8-Layer Assertion Pipeline

The assertion pipeline is the core evaluation engine in Attest. It processes assertions through eight layers ordered by cost, evaluating the cheapest deterministic checks first and only escalating to expensive probabilistic evaluation when necessary.

Pipeline Overview

flowchart TD
    INPUT["Trace + Assertions"] --> L1

    subgraph FREE["Free & Deterministic"]
        L1["Layer 1: Schema<br/>JSON Schema validation"]
        L2["Layer 2: Constraint<br/>Value ranges, bounds"]
        L3["Layer 3: Trace<br/>Step ordering, tool calls"]
        L4["Layer 4: Content<br/>Regex, keywords, patterns"]
    end

    subgraph PAID["Paid & Probabilistic"]
        L5["Layer 5: Embedding<br/>Semantic similarity<br/>≪$0.001/call"]
        L6["Layer 6: LLM Judge<br/>Natural language eval<br/>~$0.001/call"]
    end

    subgraph STRUCTURAL["Free & Structural"]
        L7["Layer 7: Trace Tree<br/>Multi-agent chains"]
    end

    subgraph CUSTOM["Custom"]
        L8["Layer 8: Plugin<br/>User-defined logic"]
    end

    L1 --> L2 --> L3 --> L4 --> L5 --> L6 --> L7 --> L8
    L8 --> RESULT["Results: pass / soft_fail / hard_fail"]

Evaluation Order

The engine evaluates layers sequentially within a batch. Deterministic layers (L1-L4) run first. If any deterministic assertion hard-fails and fail_fast is enabled, the engine skips expensive L5/L6 evaluation entirely.

flowchart LR
    A["Batch Request"] --> B["Phase 1: L1-L4<br/>(sequential, <5ms each)"]
    B --> C{Any hard fail?}
    C -->|"Yes + fail_fast"| D["Skip L5/L6<br/>Return results"]
    C -->|"No"| E["Phase 2: L5/L6<br/>(parallel, 100ms-3s each)"]
    E --> F["Phase 3: L7/L8<br/>Return all results"]
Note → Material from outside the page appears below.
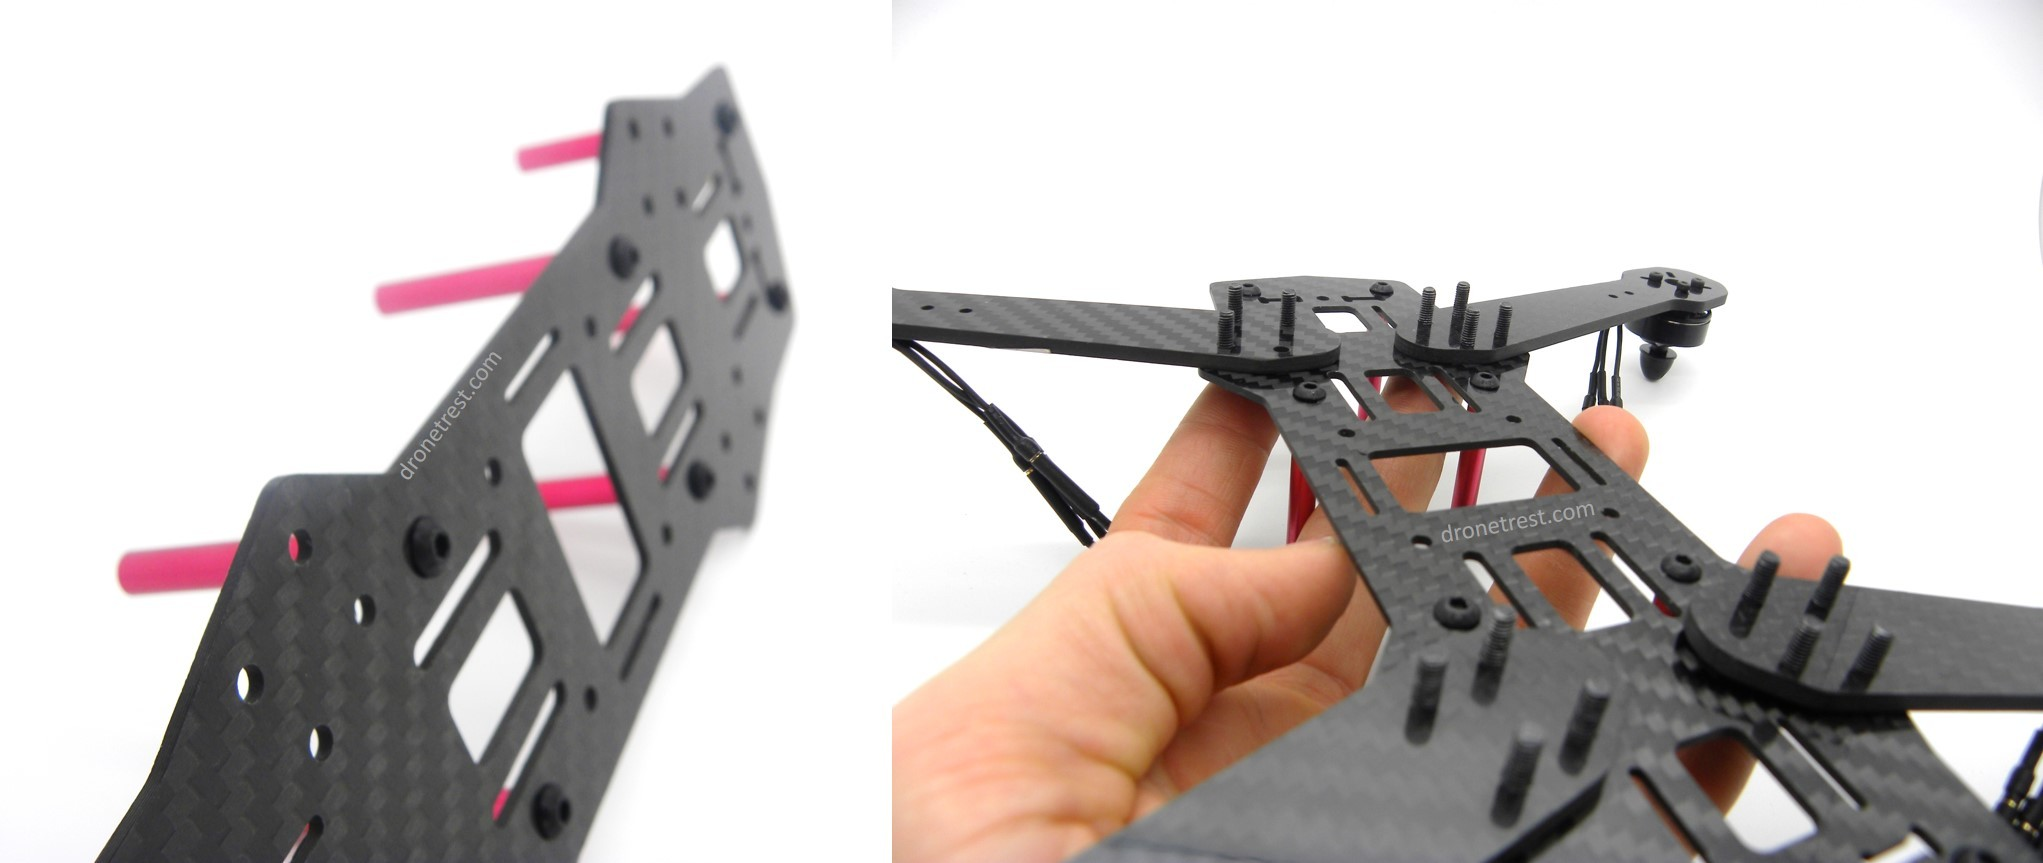 QAV ZMR 250 Assembly Build Guide - Guides - DroneTrest

Layer 1: Schema Validation

Cost: Free | Speed: <1ms | Deterministic: Yes

Validates structured data against JSON Schema definitions. Use for tool call arguments, structured output fields, and API response shapes.

What It Checks

Tool call arguments match their declared schema
Agent output conforms to a required structure
Specific fields exist with correct types

SDK API

# Output matches a JSON Schema
expect(result).output_matches_schema({
    "type": "object",
    "required": ["response", "confidence"],
    "properties": {
        "response": {"type": "string"},
        "confidence": {"type": "number", "minimum": 0, "maximum": 1}
    }
})

# Tool arguments match schema
expect(result).tool_args_match_schema("process_refund", {
    "type": "object",
    "required": ["order_id", "amount"],
    "properties": {
        "order_id": {"type": "string", "pattern": "^ORD-\\d+$"},
        "amount": {"type": "number", "minimum": 0}
    }
})

Engine Behavior

The engine uses JSON Schema Draft 2020-12 validation. Schema errors produce hard_fail with the validation error path and message in the explanation field.

Layer 2: Constraint Checks

Cost: Free | Speed: <1ms | Deterministic: Yes

Evaluates numeric bounds, value ranges, and quantitative constraints on trace metadata and output fields.

What It Checks

Token count within budget
API cost under threshold
Latency under limit
Numeric output fields within range
Step count bounds

SDK API

# Cost and performance constraints
expect(result).cost_under(0.05)
expect(result).total_tokens_under(3000)
expect(result).latency_under(ms=2000)

# Output field constraints
expect(result).output_field_between("confidence", 0.0, 1.0)
expect(result).step_count_under(15)

Engine Behavior

Constraint violations produce hard_fail. The engine extracts the target value from the trace and compares against the specified bounds. Missing fields produce hard_fail with an explanation indicating the field was not found.

Layer 3: Trace Inspection

Cost: Free | Speed: <1ms | Deterministic: Yes

Analyzes the execution trace for structural properties: tool call presence, ordering, loops, state machine transitions, and temporal relationships.

What It Checks

Check Type	Description
`contains`	Tool was called at least once
`not_contains`	Tool was never called
`contains_in_order`	Tools called in specified order (other tools may appear between)
`exact_order`	Tools called in exact sequence
`no_duplicates`	No tool called more than once
`loop_detection`	No cyclic tool call patterns
`state_transitions`	Execution follows valid state machine transitions
`max_steps`	Total step count under limit
`max_llm_calls`	LLM call count under limit
`agent_ordered_before`	Agent A completed before Agent B started
`agents_overlap`	Two agents executed with overlapping time windows
`agent_wall_time_under`	Agent total wall time under threshold
`ordered_agents`	Agent groups executed in sequential order

SDK API

# Tool presence and ordering
expect(result).to_call_tool("lookup_order")
expect(result).to_not_call_tool("delete_account")
expect(result).tool_called_before("check_eligibility", "process_refund")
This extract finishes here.